KARACHI: Overseas Pakistanis can now enjoy exemption from higher taxes under Sections 236C and 236K, regardless of their inclusion on the Active Taxpayers List (ATL). This significant move aims to attract international investors and boost Pakistan’s real estate market.
The Federal Board of Revenue (FBR) has significantly simplified the process for overseas Pakistanis carrying Pakistan Origin Cards (POC) or National ID Cards for Overseas Pakistanis (NICOP), according to a letter that was released recently.
The Income Tax Ordinance, 2001, Clause 111AC, expanded the eligibility of non-resident individuals to be exempt from higher tax rates under sections 236C and 236K. This exemption applies regardless of whether they are listed on the Active Taxpayers List (ATL).
Streamlined Digital Verification System
In order to streamline this procedure, the FBR has integrated a new digital verification system called IRIS. Taxpayers who do not currently reside in the country and are requesting an exemption now need to attach supporting documents such as a POC or NICOP when they create their CPR. A simplified verification process will be initiated when the system generates a provisional PSID.
“This new system represents a significant step forward in facilitating overseas Pakistanis,” remarked a senior FBR official. “The verification process has been designed to be completed within one business day, ensuring minimal delays for applicants.”
Efficient Verification Procedure
The verification process involves multiple levels of inspection:
- Initial Review: Conducted by the Chief Commissioners of Inland Revenue (CCIRs).
- Final Verification: Handled by Commissioners of Inland Revenue (CIRs).
Applicants are notified immediately via email and text message upon approval.

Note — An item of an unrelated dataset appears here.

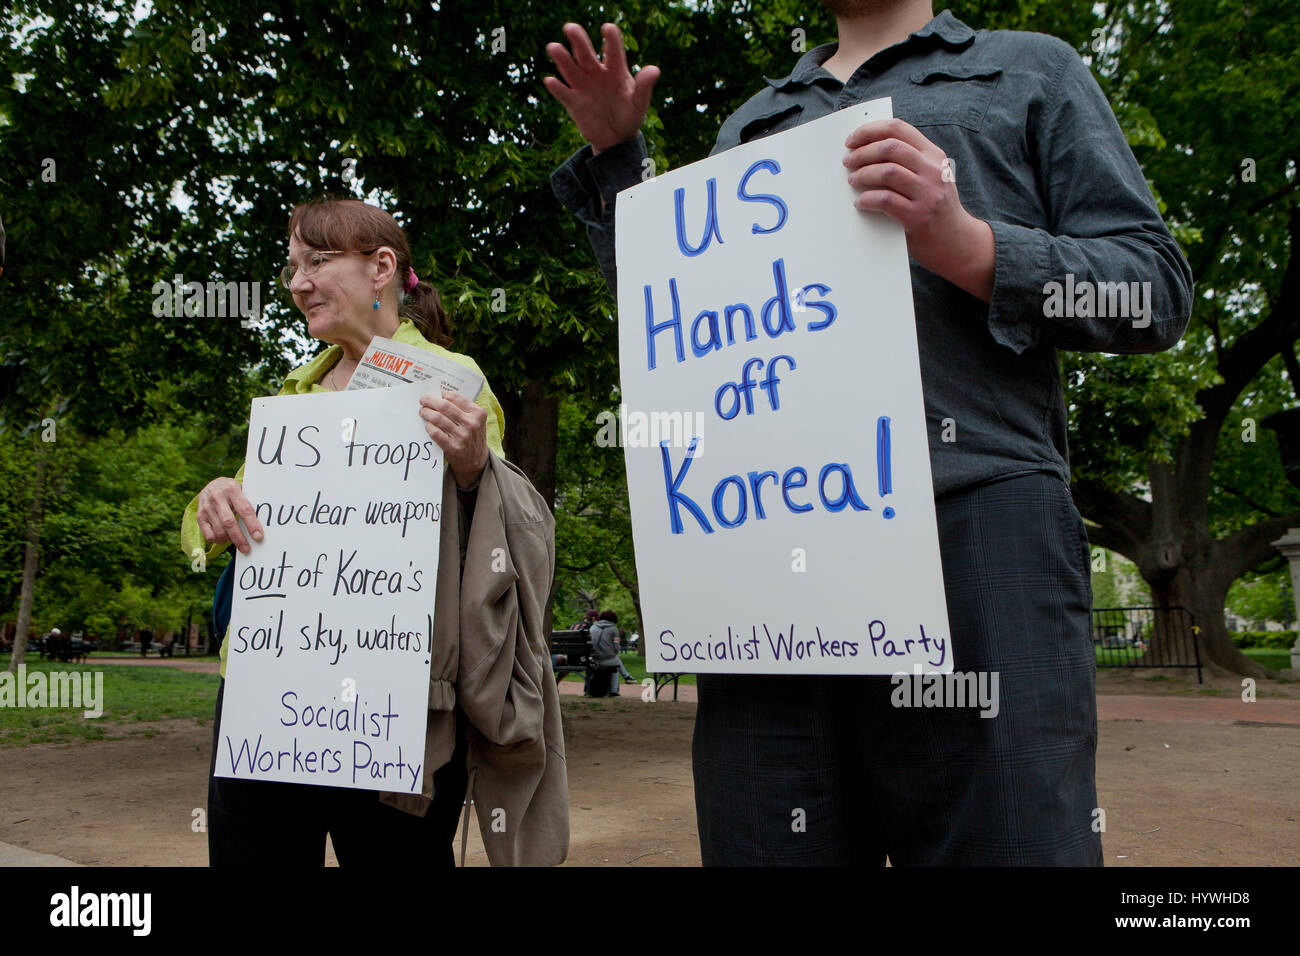 Washington, DC, USA. 26th April, 2017. As tensions continue to rise between US and North Korea, members of the Socialist Workers Party protest against US involvement in the Korean peninsula in front of the White House. Credit: B Christopher/Alamy Live News Stock Photo

This program is being rolled out throughout all tax offices, including the Large Taxpayers’ Office (LTO), the Medium Taxpayers’ Office (MTO), the Corporate Tax Office (CTO), and the Regional Tax Office (RTO), guaranteeing that all qualified Pakistanis living abroad are covered. The move is meant to make it easier for Pakistanis living outside of Pakistan to invest in the country’s real estate market. This is in line with the government’s larger economic goals of attracting foreign investment.